Толпы людей вдоль улиц стояли неизвестно сколько часов, а может, и дней: боялись отойти от пристаней, чтобы не потерять очередь. То, что перед ним очередь, Май-Маевский понял не сразу. А поняв, забеспокоился, потому что в этой очереди места у него не было. Он никогда не думал о том, что ему придется стать в очередь для отъезда из России. А подумав, он — кавалер нескольких орденов и георгиевский кавалер, награжденный золотым оружием, английским орденом святых Михаила и Георгия, славный своей храбростью и военными удачами, доводивший полки до Киева, Орла и Воронежа, — испугался. За себя, впервые в жизни. Испугался, что его бросят в Севастополе, куда вот-вот придут большевики, которые, конечно уж, повесят его на первом фонаре.
Не без труда выбравшись из толпы и отойдя подальше, Май-Маевский присел на поломанную скамейку возле парадного въезда богатого дома.

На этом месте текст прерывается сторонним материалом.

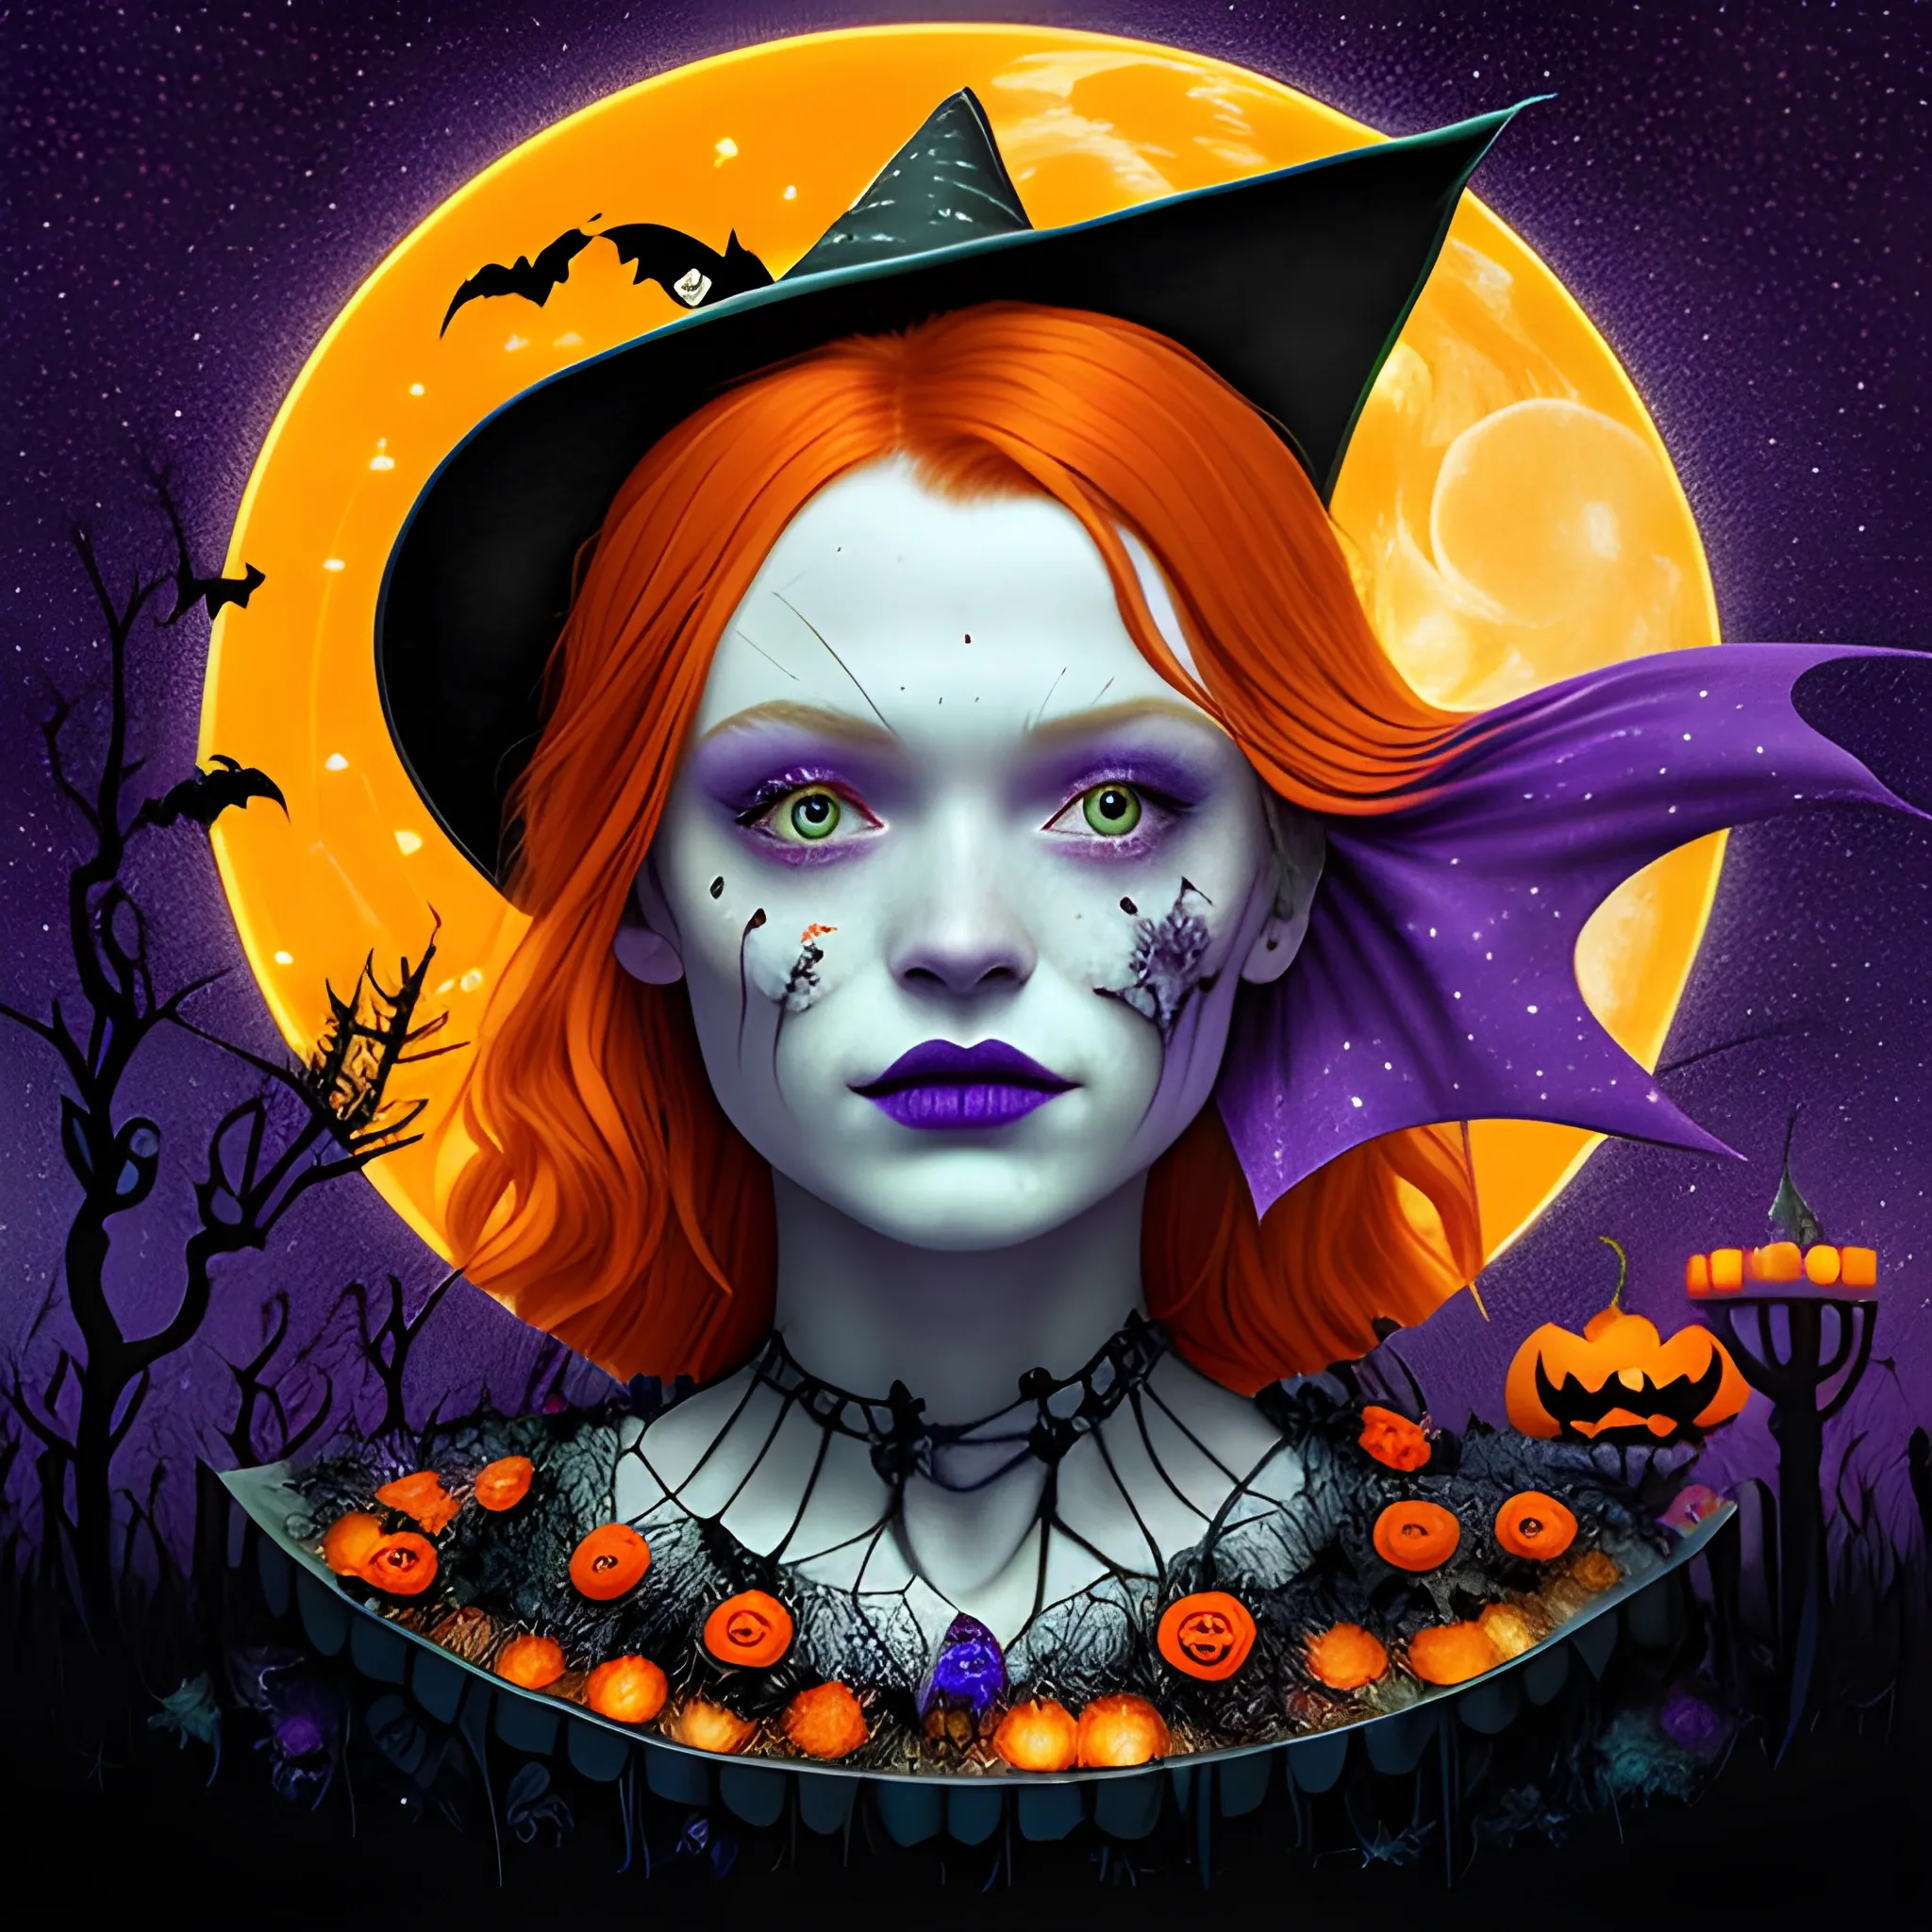 Bella Thorne / Sadie Sink face morph as a Halloween Witch, wearing a thorny witch hat adorned with thorns and black roses; Halloween, bats, full moon in a nebula sky, neon spray paint, acrylic paint, fantastical surrealist world, in the style of Stephen Gammell, extremely detailed, sick, gothic, eldritch, candles, neon grape purple, dayglo orange, chartreuse green, Halloween perfect purple pumpkins, green skulls, orange bats, magic, candles, cobweb, spider, glitter, luminous color sparkles, dayglo orange, neon grape purple, chartreuse green, hot pink, stars, sparkles, glitter, lanterns, gourds, Halloween; Goddess of the Night with a crescent moon and many stars in the style of Maxfield Parrish, starry night, James R. Eads, 3D

Здесь почему-то особо ощутим был пронизывающий, острый ветер, и генерал вновь почувствовал приближение загрудинной боли.
Боль усиливалась, становилась опоясывающей. Май-Маевский почувствовал, как тяжелый, холодный и липкий пот выступает на лбу, шее и спине. .
Генерал откинулся на неудобную чугунную спинку, врезавшуюся ему в позвоночник, и замер, боясь перевести дыхание. Боль будто бы уходила, отпускала, затаивалась. Он коротко вздохнул, испытывая радостное облегчение от пришедшей умиротворяющей опустошенности. Вздохнул еще — глубже, свободнее. Боль окончательно отпустила. Накатывала слабость. Захотелось вздремнуть тут же, на неудобной скамье, на виду сотен проходящих мимо людей. И тут же пришло сильное желание помочиться. Май-Маевский заставил себя встать и побрел за дом, выискивая укромный уголок в глубине разгороженного двора, забитого кладовками и дровяными сараюшками. Забравшись в какую-то грязную щель, генерал с наслаждением справил нужду и, забыв застегнуть ширинку, вновь вышел на улицу.